For instance, today's New York Times quotes the president emeritus of Dartmouth complaining that "students have been so programmed that they haven't had time to be reflective, which gets in the way of their education. ... [A] liberal education is about grappling with life's most important questions as preparation for the moral dilemmas and disappointments of life beyond the college years. The 'hyper-managed lives of contemporary students' get in the way of these questions, Mr. Freedman said." Nick Bromell, in Harper's Magazine [February 2002], writes that "the most fundamental value of higher education is the perspective a student gains by stepping outside the play of market forces and inhabiting, if only for four short years, what Yale president A.Bartlett Giamatti called 'a free and ordered space.'"

This difficult and often - as the University of Chicago's Faculty Handbook describes it - "upsetting" four-year activity of actual ongoing consideration of being is largely restricted to America's best institutions. Most of our thousands of colleges and universities make no pretense to intellectuality. Here, for instance, is the university webpage description of the English major at Penn State Altoona (a campus that recently fired a professor for being critical of one of its sillier programs):

The English major can provide students with highly marketable skills in critical thinking, writing, verbal communciation, and research. The major offers emphases in literature or writing. Students can incorporate a writing portfolio into their course of study, which will generate written examples of their work for prospective graduate schools or employers. All students complete the capstone seminar, in which they research and write a publishable paper that draws on their particular field of study. Internships allow students to discover whether or not a particular field is right for them and to develop skills and knowledge that many gain only after graduation.
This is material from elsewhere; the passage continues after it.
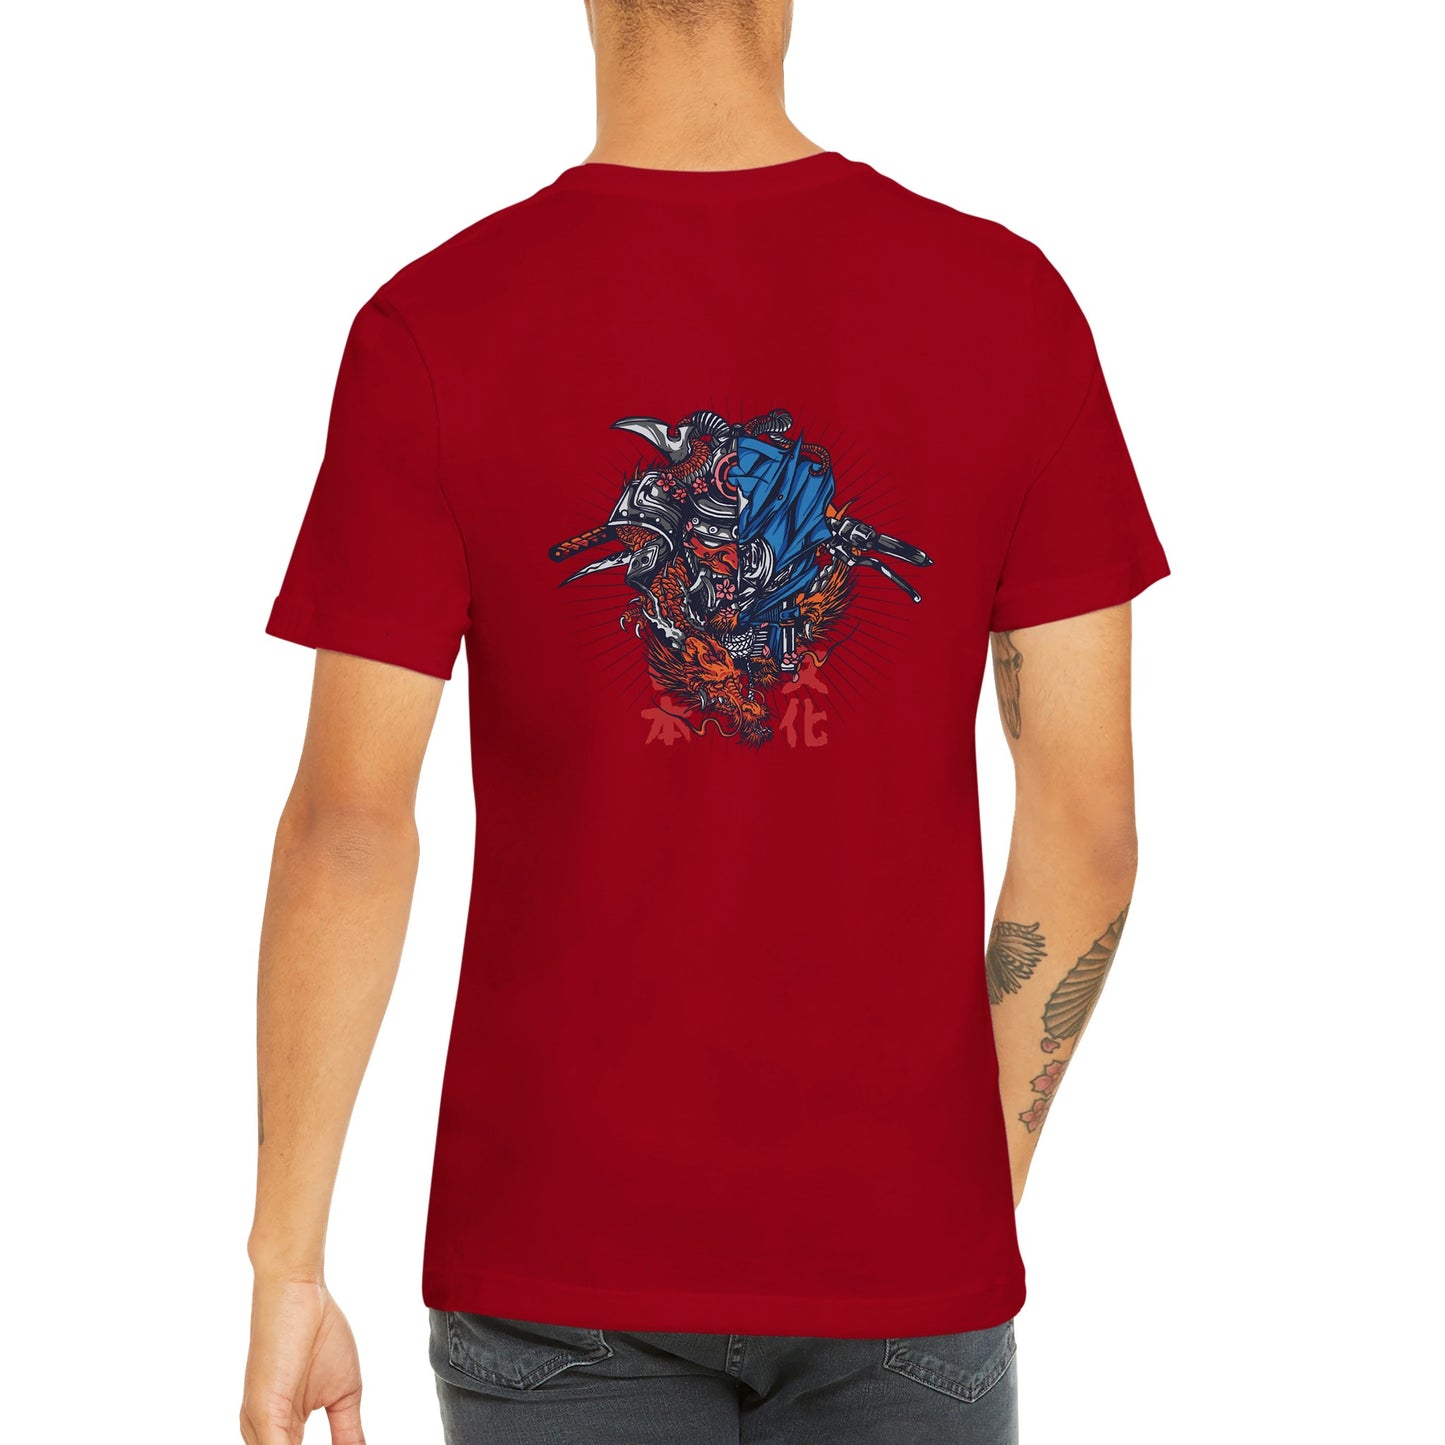 Oni Mask and Motorcycle T-shirt

It's all about how "highly marketable" your activity in an English department is, you see. Most American colleges and universities, writes David Harvey, are about "converting knowledge into information and students into consumers, and transforming the ability to think into a capacity for information processing." The serious consideration of human being demands human interaction with human intellectuals -- and the reason on-line learning is so popular in this country is because the words I just used at the beginning of this sentence are gibberish to the majority of university administrators, instructors, and students in this country.

Yet in the New York Times piece this morning, what the writer is noticing is the evaporation of serious intellectuality even at our best schools. Students are hyperbusy preprofessionals interested only in grades and the market from day one; they've come out of a hyper-active careerist milieu and that's really all they've ever known. A high-ranking administrator at Bennington College once described the student body there, writes Gillian Rose, as composed of "the cubs of our most successful predators." While shouting into their cell phones about real estate deals, the overworked parents of these students watched them, when younger, play hyperorganized soccer games.
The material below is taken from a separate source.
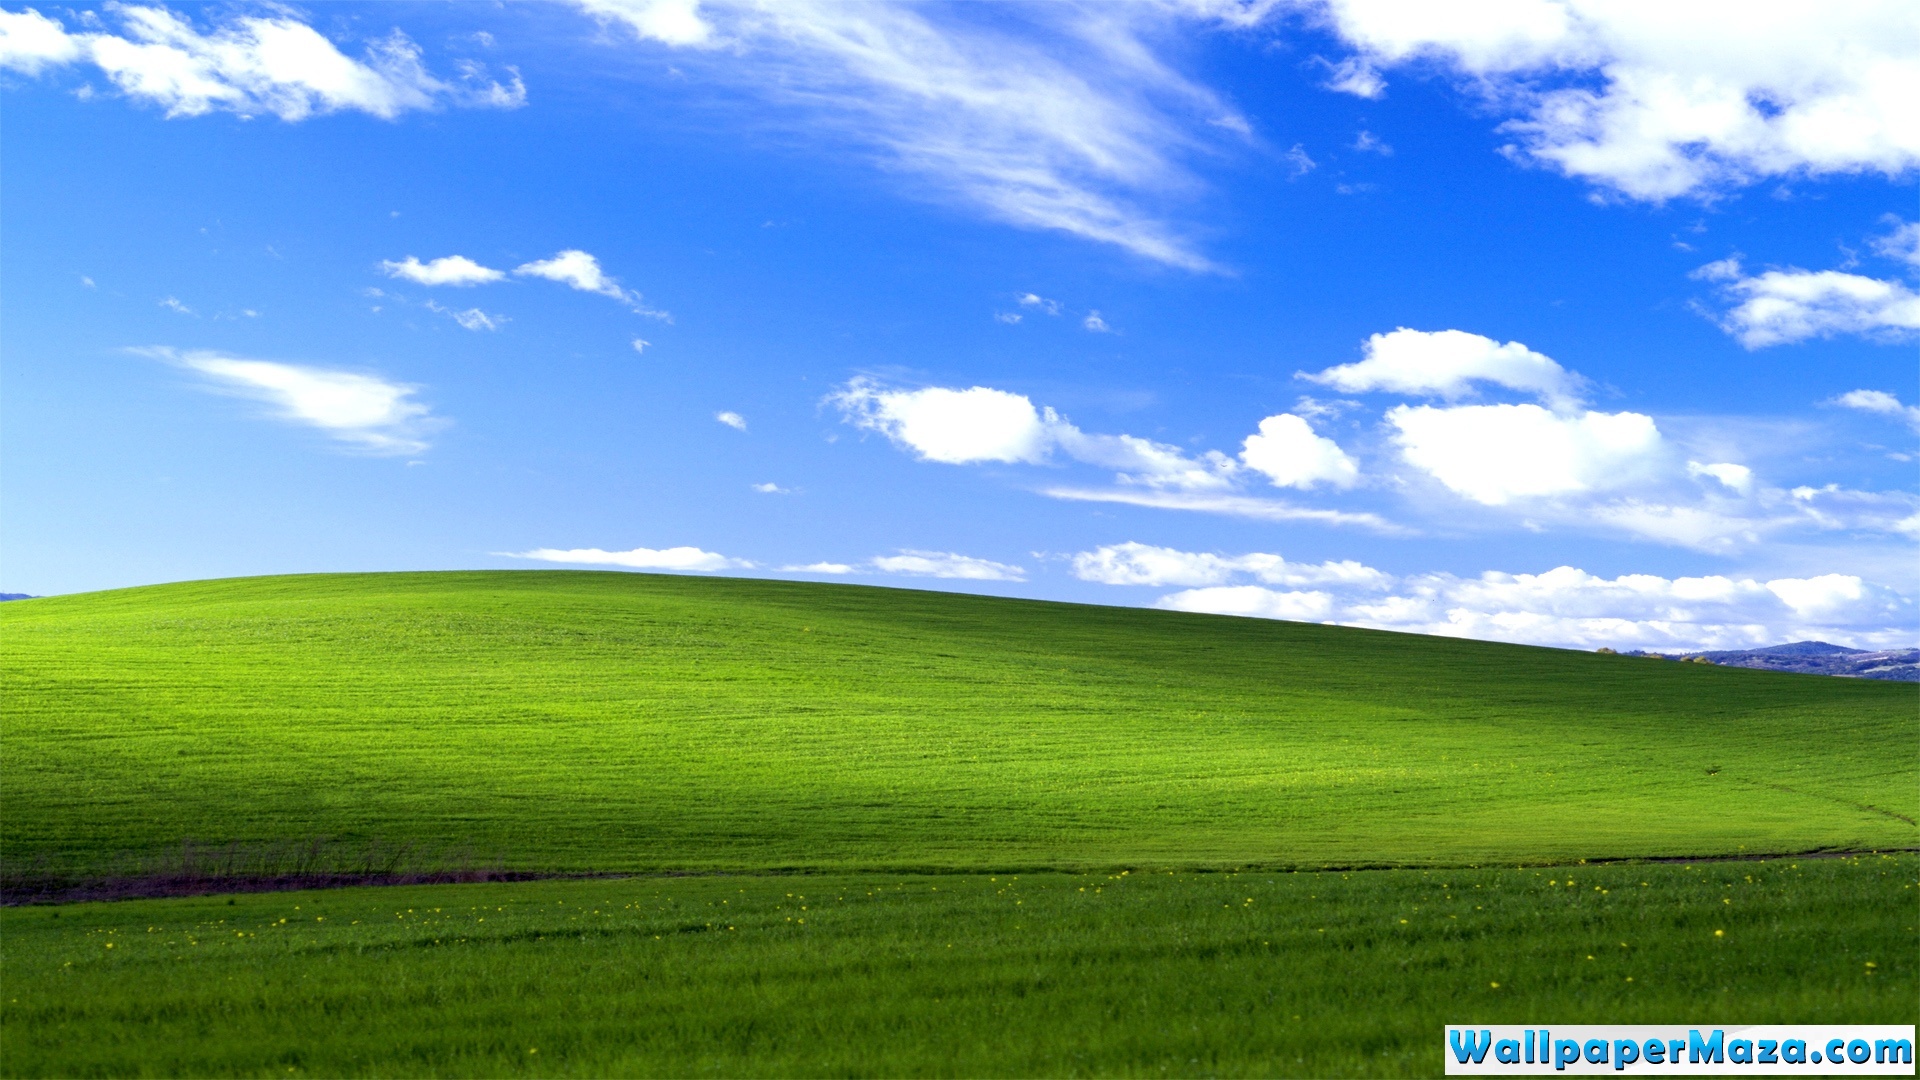 To Save Wallpaper On Your Desktop In Os Or Right Click

For the half of these children whose parents got divorced, their lives became even more strictly organized -- they lived in two households, and their lives came to resemble the lives of traveling salesmen: pack for house one on Wednesday; repack to return to house two on Saturday...No time to rest and reflect at ease, and all in the context of emotional turmoil and bargaining...
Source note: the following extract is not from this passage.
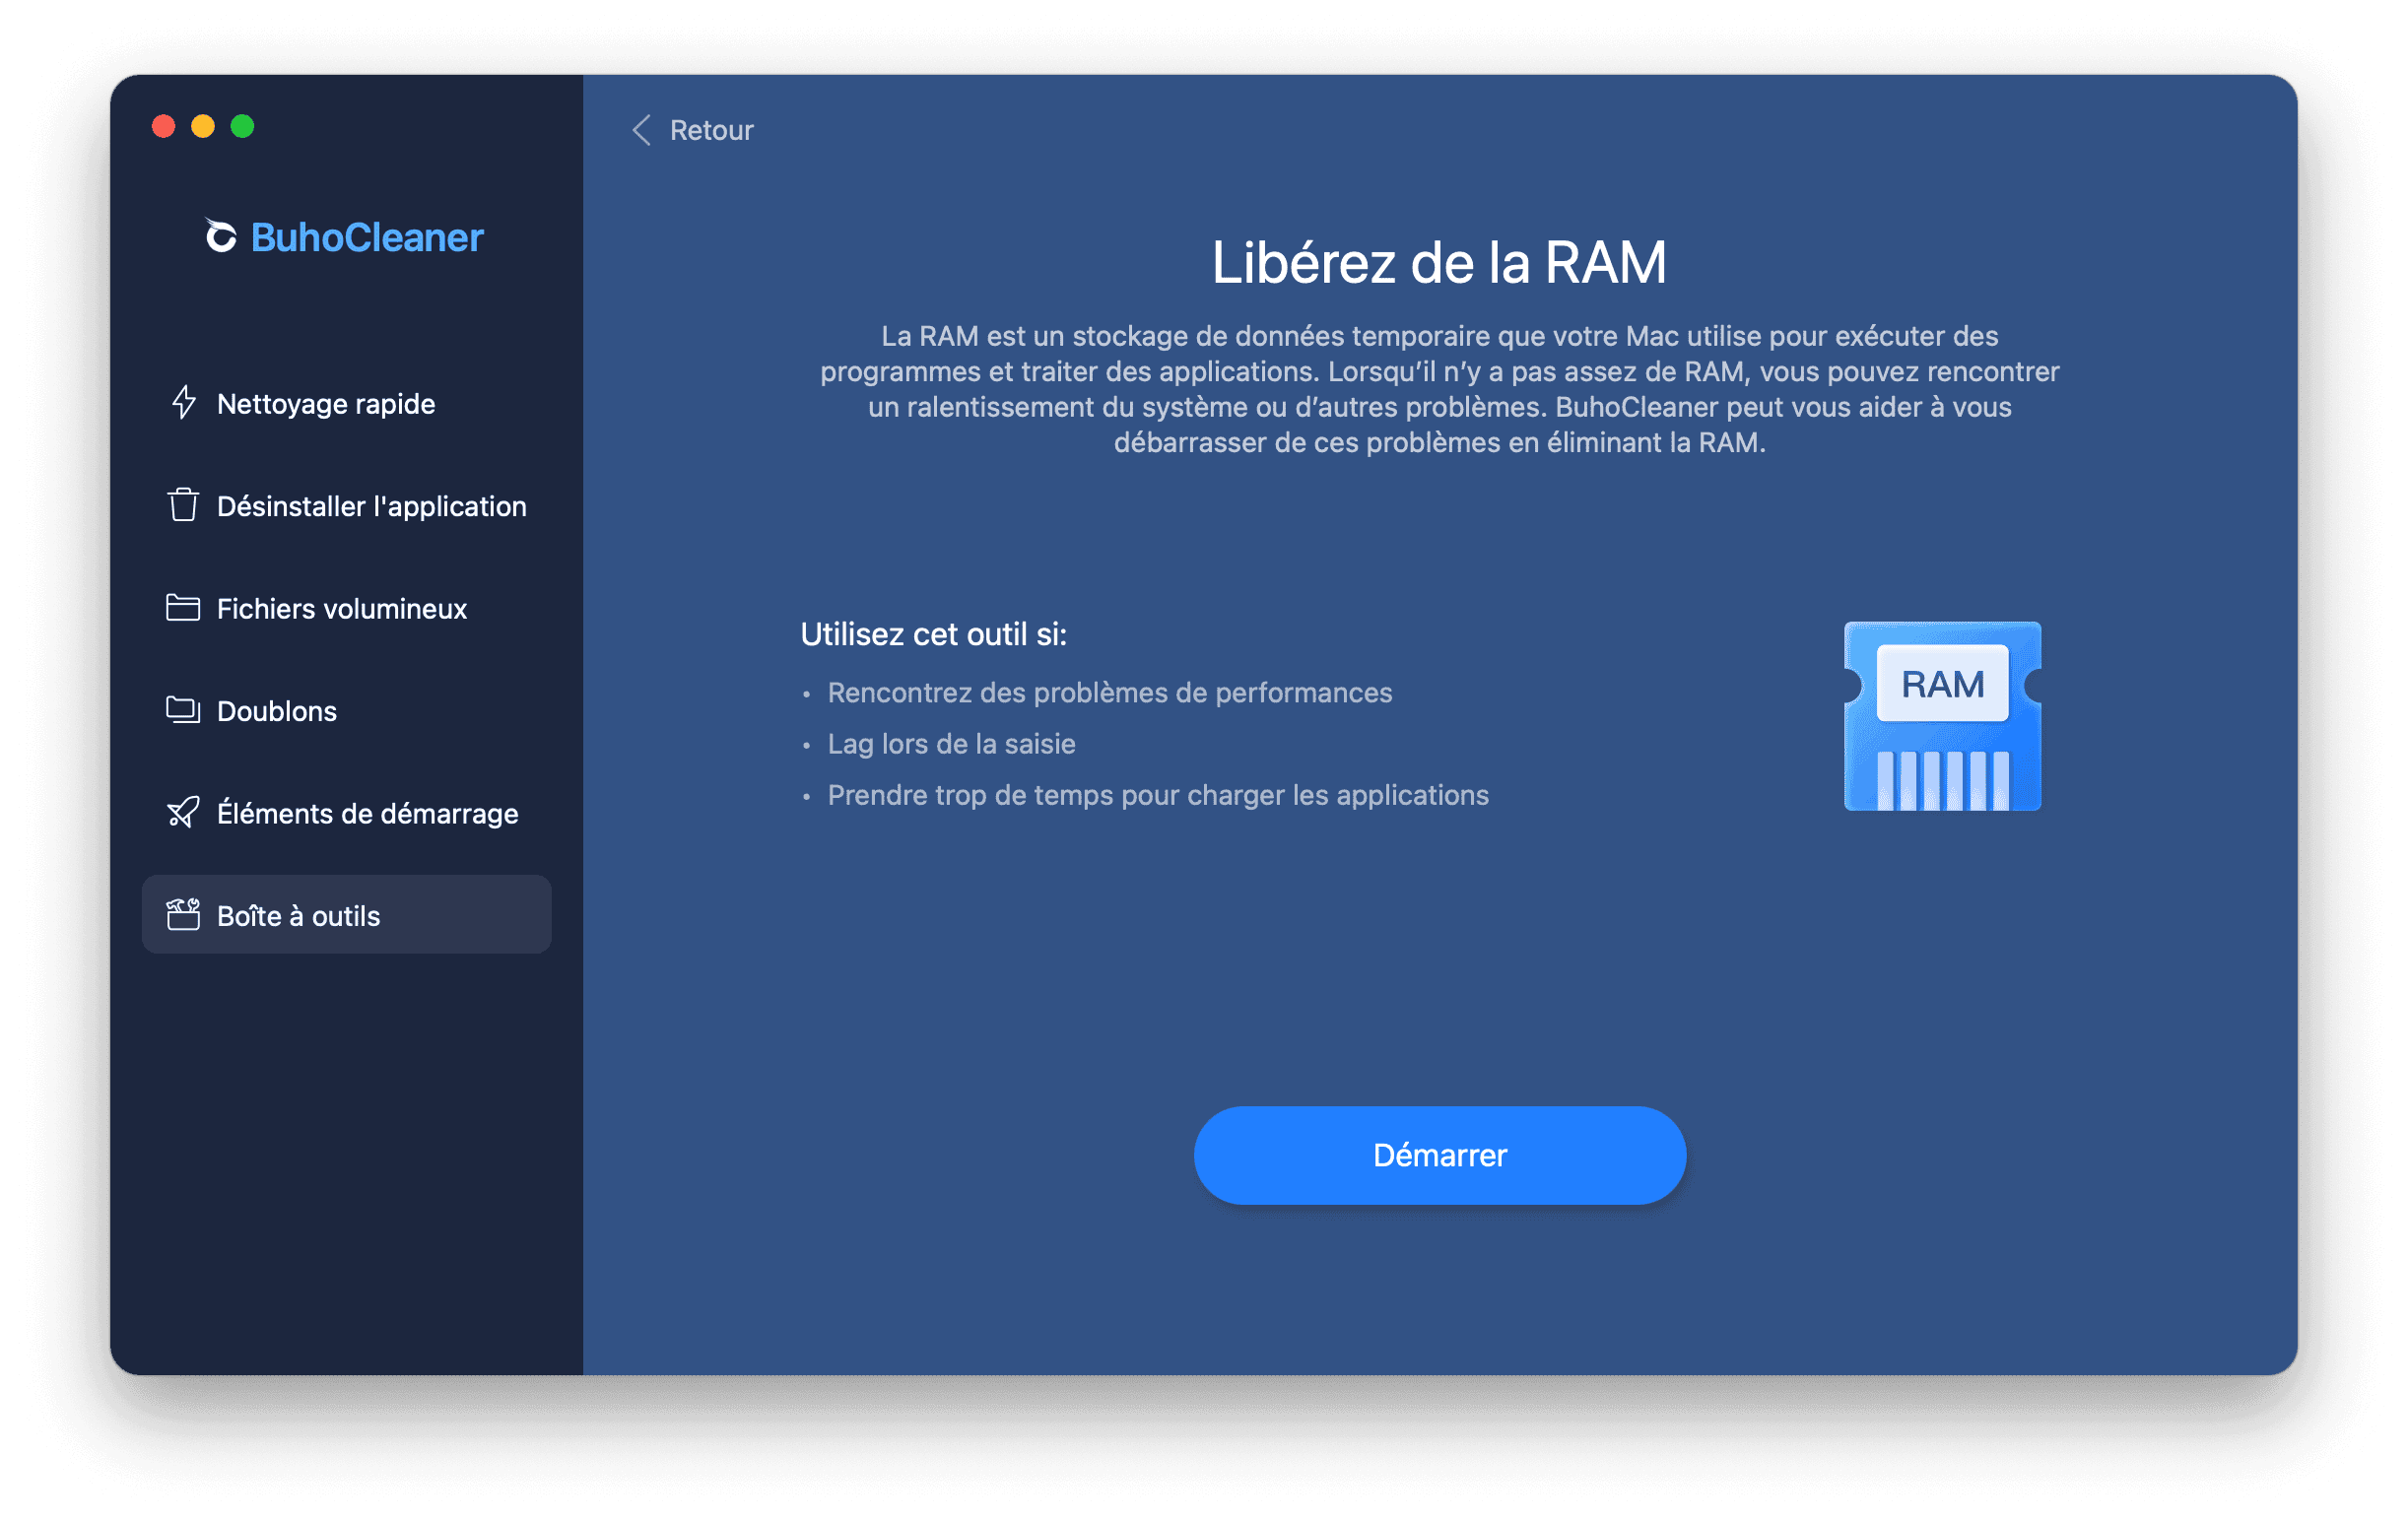 Free Up RAM with BuhoCleaner

The serious university should understand that it's admitting these sorts of people and ask itself whether it wants to deepen this desperate sense of hyperactivity (much of the activity an understandable escape from the inner chaos of a terribly depressing emotional landscape), or whether it wants to be a beacon of calm meditation not upon the self and its traumas but upon a world of thought and experience - embodied in philosophy, music, novels, history - broader than one's own, indeed liberatingly not at all one's own -- some of which might eventually be brought to bear on the question of how to conduct one's life.